See saw it all, the touching, the healing, the teaching…  

She saw it all, the way that woman, who had the issue of the blood, lunged out to touch him and how the power left his body...

She saw it all, how they humiliated him, how they tortured him, how they had an utter lack of respect for his body...

She saw it all, how they humiliated him, stripped him naked in front of everyone...

She saw it all, the way they hung him on a cross to die (it was like near drowning!)...

She saw it all and she heard it all, how when he was hanging there, he said 11 times, "I can't breath."  And, in the same breath, "Father, forgive them, for they know not what they are doing."

She saw it all, how after they took him down from the cross, and how he chose to lay down in the middle of the road with Michael Brown for 4 hours so he would not have to die alone...

Then, on the third day, she saw him rise again so that everyone might know that these things will not have the final word.

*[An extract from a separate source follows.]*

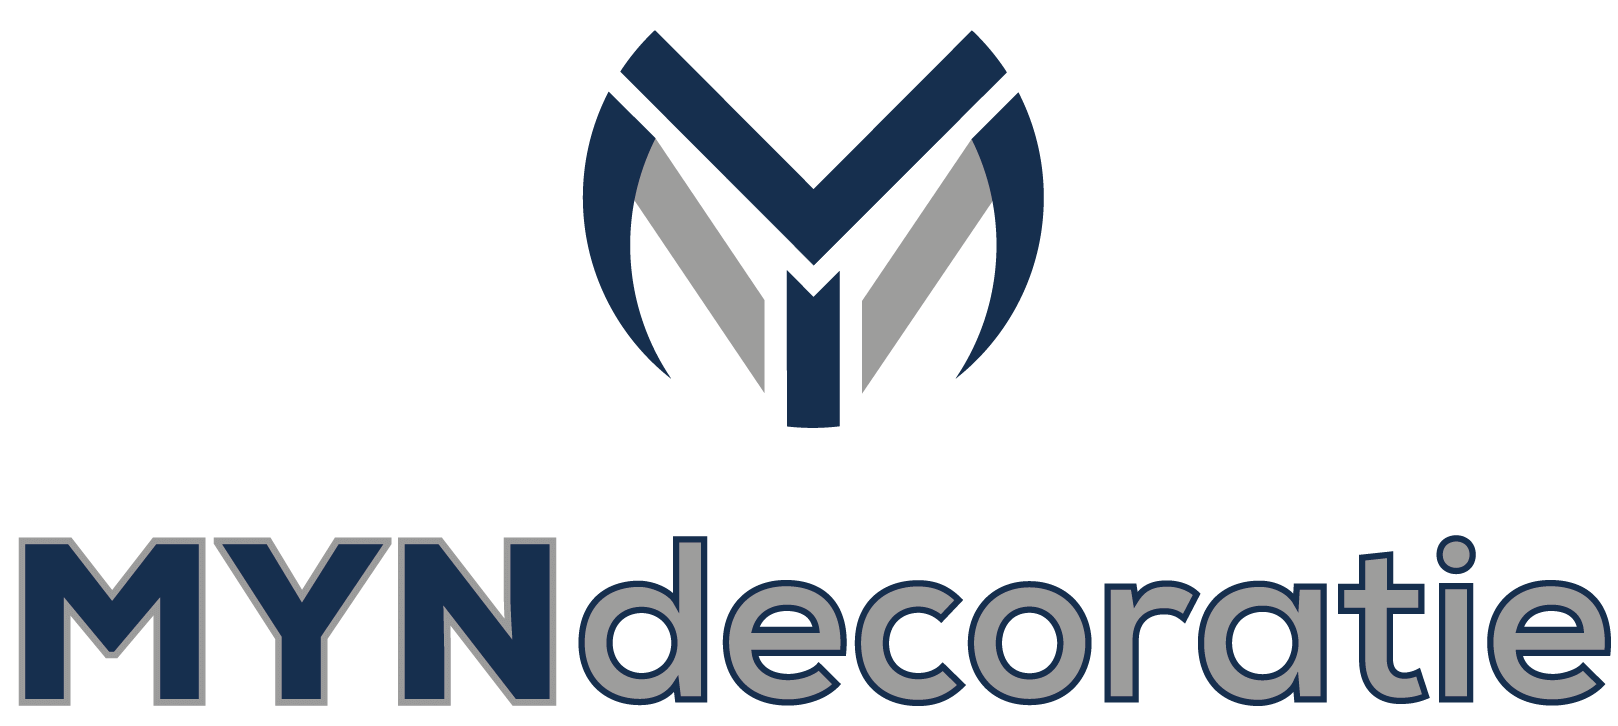 Logo Design Nisatutucu Myndecoratie

As she worked so hard to get a good latch, it's true: a sword did pierce her heart, but it's also true that she was filled with wonder, struck down with awe, amazed deep down in her bones by how good and how gracious God is.

Brothers and sisters, during this holy season of Advent that will always give way to Christmas...

During this magical season of stars and candlelight and soft spots, be filled with wonder, be struck down with awe, and be amazed by how good our God is!  Amen.